The only datasets that will be useful to train LLMs in the future will be the on...

seszett · on June 5, 2023

The good news is that this will mostly affect English, but most other languages are likely to keep being mostly generated by humans. This could even encourage people to use their own language more on the internet, which I think is a win for human cultural diversity.

I don't know if there is any escape from this for native English speakers, though.

avian · on June 5, 2023

Most other languages (at least the ones I know) are already hugely polluted by useless content that was (badly) machine translated from English. Such spam sites are now a majority of search results for me when I use Duckduckgo or Google.

seszett · on June 5, 2023

That's not wrong, although it's often very easy to spot.

dieortin · on June 5, 2023

How so? LLMs like GPT4 have no issue generating text in Spanish, for example.

seszett · on June 5, 2023

Probably the larger languages will be affected somewhat as well (I can't test Spanish but I've used GPT3.5 in French without issues) but not as much I think, such automated attacks seem to most often be targeted at English (I suppose if you're doing something like that, it's both easier to use English and also gives better returns (whatever they are) since there are much more English readers on the Internet).

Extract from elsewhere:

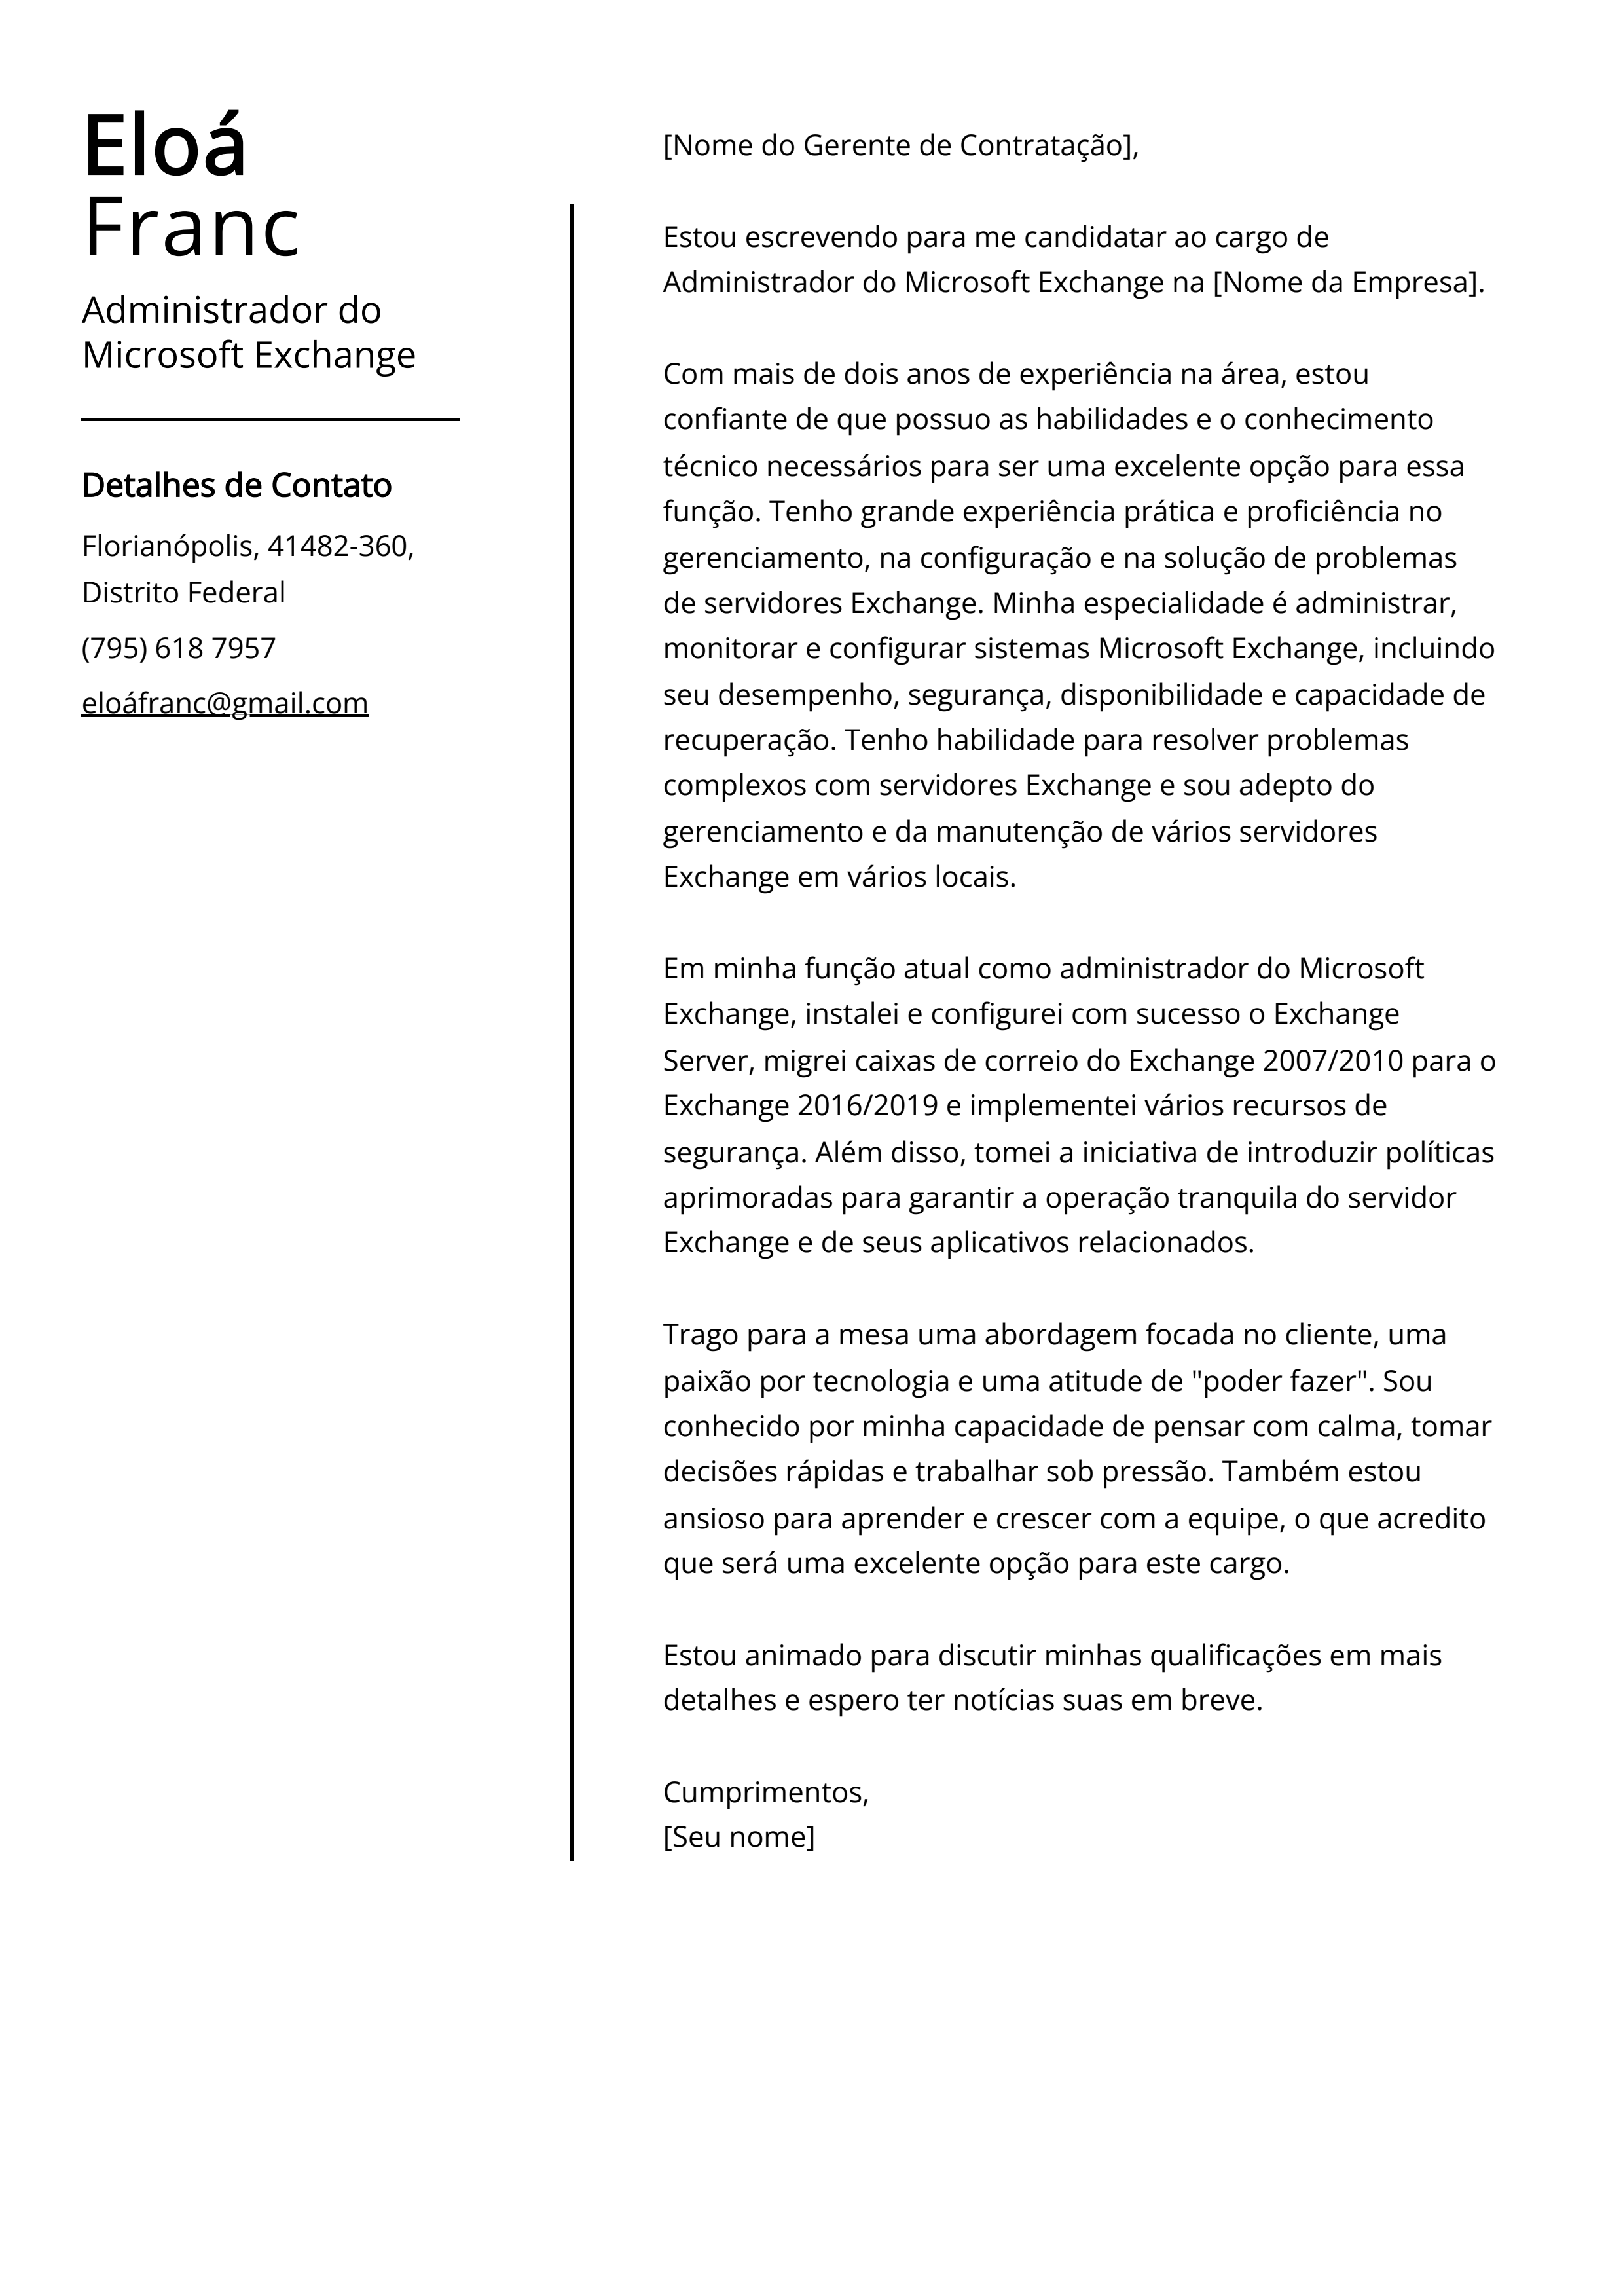 Exemplo de carta de apresentação do Administrador do Microsoft Exchange

On smaller languages though, GPT is often not good enough to use without a lot of supervision. Like it can give a good impression of West-Flemish, but can't simulate an actual conversation on an actual topic. Even just Dutch is kind of hit-and-miss.

TeMPOraL · on June 5, 2023

GPT-4 tends to screw up the grammar in other languages, I imagine in proportion to inverse of the language's prevalence in the training data.

I often work with GPT-4 in Polish. I don't think I've ever had it give me an answer in Polish without at least one grammatical mistake somewhere per every two or three paragraphs. The text itself is still superb, and its command of vocabulary better than that of a median native speaker, but it revels itself by confusing genders, or forgetting about the grammatical case suffixes.

input_sh · on June 5, 2023

Spanish is probably the second most easiest one due to the sheer amount of data you can train it on. The less common the language is, the shittier the output becomes.

It is utterly useless at generating pretty much anything in my native language (Bosnian/Croatian/Montenegrin/Serbian, however you wanna call it). Like you don't even have to try to trick it, even if you try the simplest of prompts it will produce instantly dismissible garbage.

Like it's technically not wrong, it's (mostly) grammatically correct, but it produces sentences in such a robotic way no human ever would. Hell, even generating a prompt in English and then using Google Translate makes it sound more natural than straight giving it a prompt in my language. We don't need those AI detection tools, you can take one glimpse at a text and know with 100% certainty it's not written by a human.

hnlmorg · on June 5, 2023

As someone who has moderated several popular message boards over the years, I can assure you that the problem of machine generated spam is nearly as old as HTML itself.